First we fetch the data

In [None]:
import shap
from sklearn.model_selection import train_test_split


X, y = shap.datasets.adult()
print("Data fetched")
target_feature = "income"
y = [1 if y_i else 0 for y_i in y]

full_data = X.copy()
full_data[target_feature] = y

data_train, data_test = train_test_split(
    full_data, test_size=4000, random_state=96132, stratify=full_data[target_feature]
)

# Don't write out the row indices to the CSV.....
print("Saving to files")
data_train.to_parquet("adult_train.parquet", index=False)
data_test.to_parquet("adult_test.parquet", index=False)

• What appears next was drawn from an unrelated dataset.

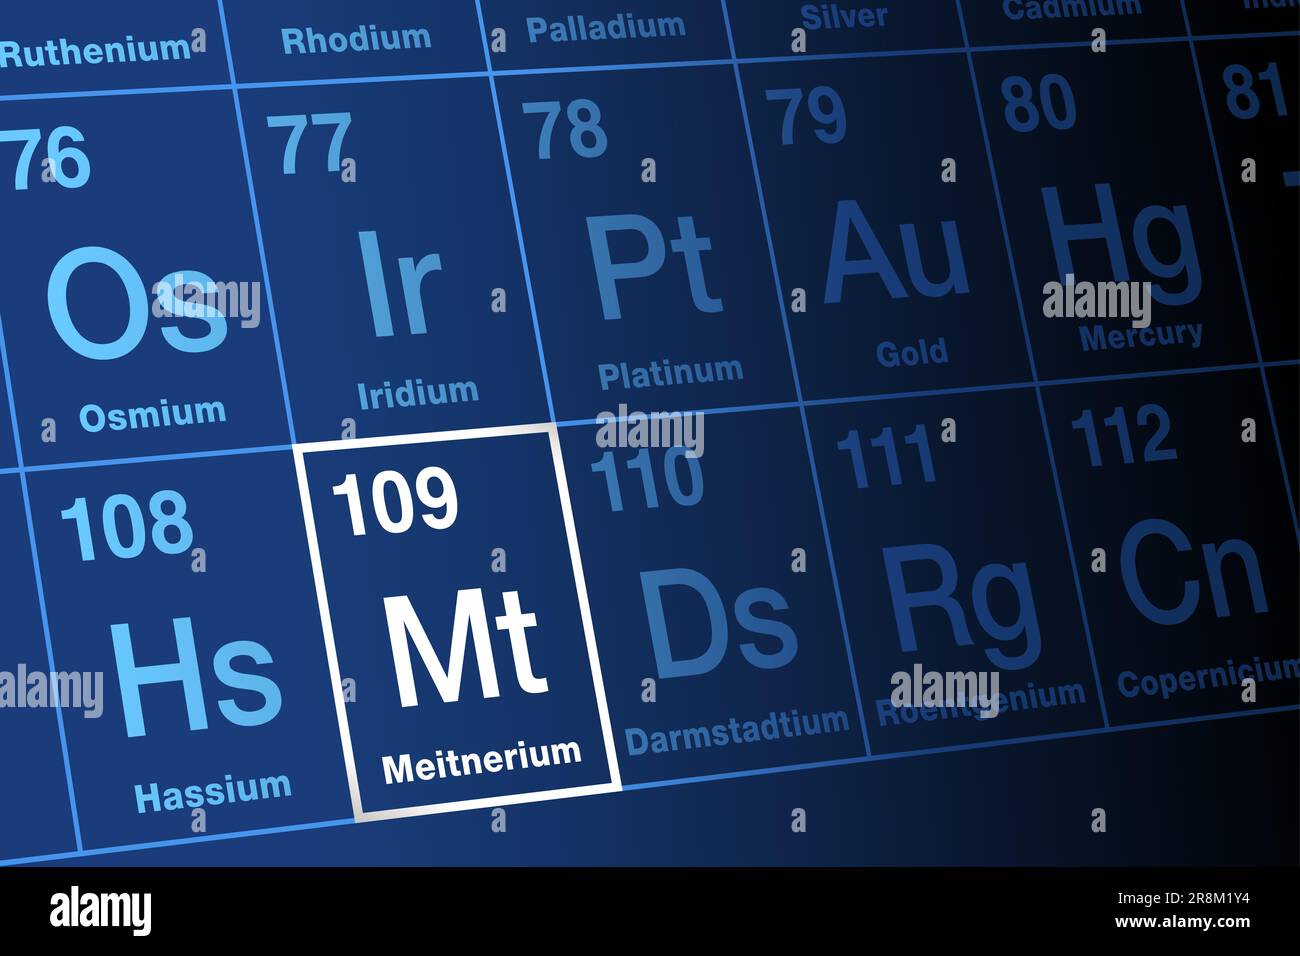 Meitnerium, sur le tableau périodique. Elément transactinide synthétique extrêmement radioactif, superlourd, avec le symbole Mt et le numéro atomique 109. Banque D'Images

Train a simple model on the data:

In [None]:
y_train = data_train[target_feature]
X_train = data_train.drop(labels=target_feature, axis="columns")

In [None]:
import mlflow
import mlflow.sklearn

import pandas as pd
from sklearn.linear_model import LogisticRegression

model = LogisticRegression(solver="liblinear")
model.fit(X_train, y_train)

Now create an MLClient:

In [None]:
subscription_id = '589c7ae9-223e-45e3-a191-98433e0821a9'
resource_group = 'amlisdkv2-rg-1638871354'
workspace_name = 'amlisdkv21638871354'

In [None]:
from azure.ml import MLClient
from azure.identity import DefaultAzureCredential
ml_client = MLClient(credential=DefaultAzureCredential(exclude_shared_token_cache_credential=True),
                     subscription_id=subscription_id,
                     resource_group_name=resource_group,
                     workspace_name=workspace_name,
                     logging_enable=True)

Upload the datasets

In [None]:
from azure.ml.entities import Data

train_dataset = Data(
    name="Adult_Train_from_Notebook",
    local_path="adult_train.parquet",
    version="1"
)

In [None]:
ml_client.data.create_or_update(train_dataset)

In [None]:
test_dataset = Data(
    name="Adult_Test_from_Notebook",
    local_path="adult_test.parquet",
    version="1"
)
ml_client.data.create_or_update(test_dataset)

Now, register the model:

In [None]:
from azureml.core import Workspace


v1_workspace = Workspace(subscription_id, resource_group, workspace_name, auth=None)

mlflow.set_tracking_uri(v1_workspace.get_mlflow_tracking_uri())
mlflow.set_experiment("nb_model_creation")

In [None]:
mlflow.sklearn.log_model(sk_model=model, registered_model_name="nb_classifier_mlflow", artifact_path='my_path')

In [None]:
mlflow.__version__